Von Birchermüsli zu Maschinen: Zurich Innovation Championship und Agentic AI Hyper Challenge.

Zurich Insurance Group used its hometown as a stage for a live demonstration of how artificial intelligence is mutating from hype to hard numbers. By reshaping insurance with imagery, co-pilots and agent-based systems, AI is uncovering risks, shortening cycle times and boosting growth. As every year, the invited guests entered the Innovation Championship Festival with great excitement.

The evening of October 16, 2025 began with walking through a slightly creepy, long and dark corridor full of smoke (dry ice). The Zurich Development Center is located high up on Zurich’s hills overlooking the city and lake. This is the place where, around a hundred years ago, the Swiss doctor Maximilian Bircher-Benner ran a sanatorium where he combined nutrition and science and invented the famous Birchermuesli. According to the hosts, this spirit of experimentation never left the city and Zurich Insurance. Innovation, they reminded the audience, was “firmly anchored in the corporate structure”.

AI as a strategic accelerator

Paolo Mantero, Group Chief Strategy Officer of Zurich Group, explained that artificial intelligence is not a passing trend, but a strategic accelerator. Zurich sees AI as a means of being there for customers around the clock, improving the frequency and quality of every interaction, and building a collective ‘digital memory’ for the company. This intelligence, shared by teams and generations of employees, will make underwriting more accurate and collaboration with the company faster and easier.
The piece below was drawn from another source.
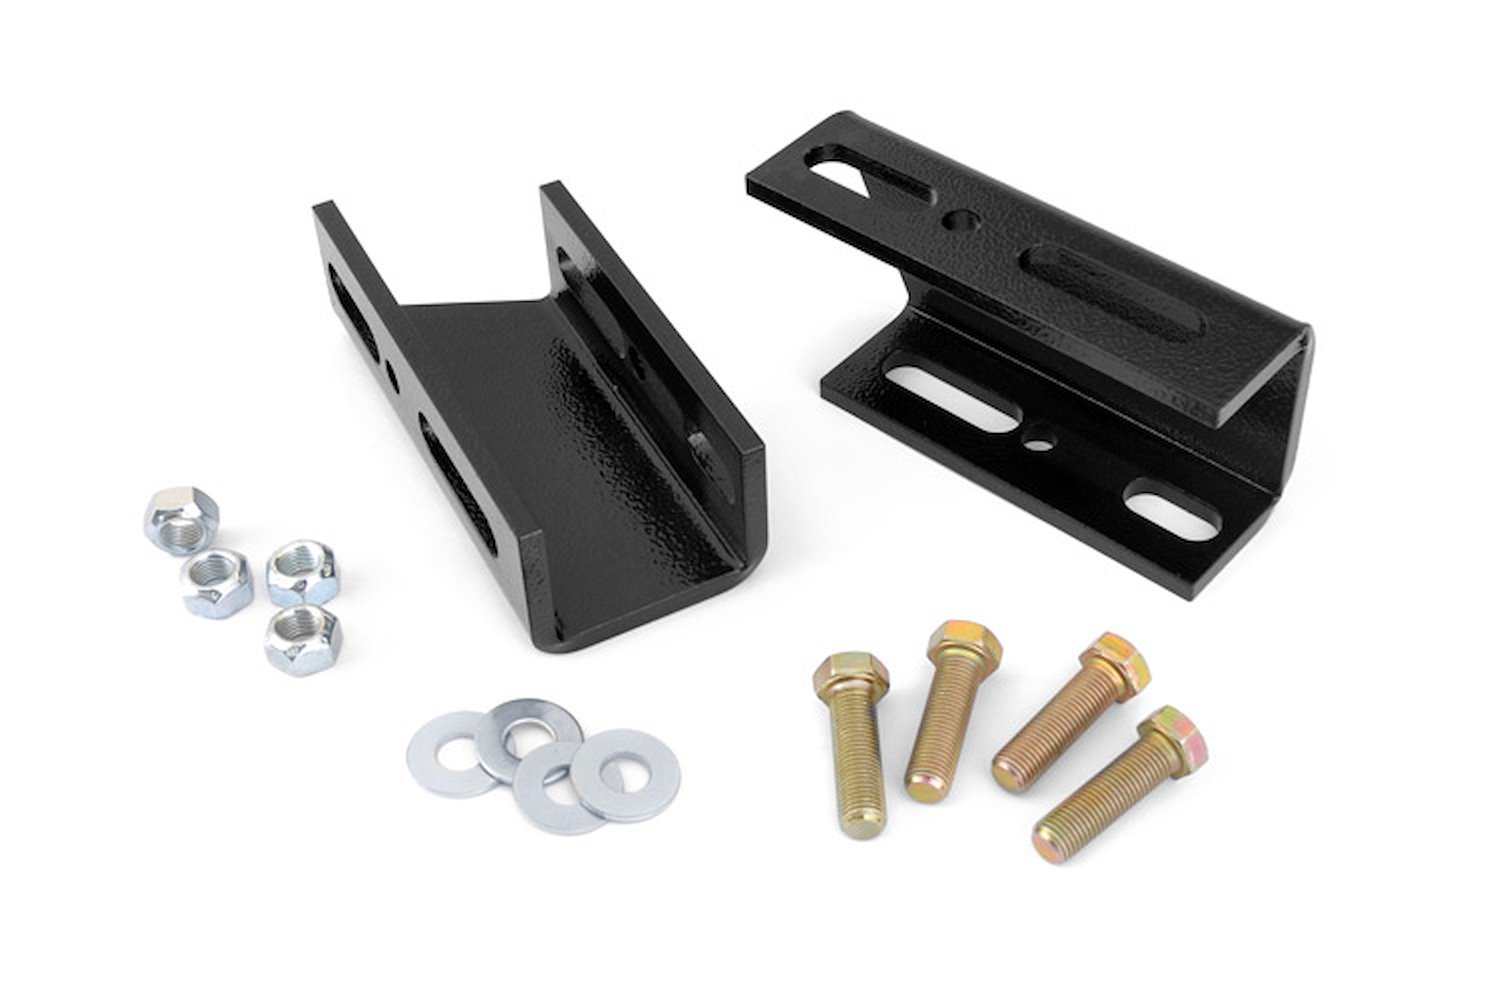 1019 Front Sway Bar Drop Brackets for 2-6-inch Lifts

However, as competitors also have the same technology, Zurich’s success depends on deploying it faster and more widely and working with partners rather than going it alone. This approach has resulted in over fifty collaborations, supported by the Zurich Innovation Championship and this year’s new Agentic AI Hyper Challenge.

Recognizing risks from the air

The collaboration with Nearmap highlighted how external partnerships are already transforming the business. Chief Technology Officer Tom Celinski described how the company’s aerial imagery captures details that satellites overlook, such as roof corrosion or flood risk. The images are processed by AI, which extracts up to 130 property features and creates a detailed risk profile that underwriters can use immediately. Nearmap’s platform, currently in use at Zurich North America and expanding to Australia, has already uncovered hundreds of thousands of hidden risks for other insurers.

The digital brain of underwriting

Penny Seach, Group Chief Underwriting Officer at Zurich Insurance, described underwriting as the heart of insurance and the area most ready for change. Zurich’s goal is to create a “digital brain” that learns from every decision and supports underwriters rather than replacing them. Interloom ‘s winning solution showed how scattered corporate knowledge can be transformed into instant, actionable answers for brokers, reducing decision times from minutes to moments.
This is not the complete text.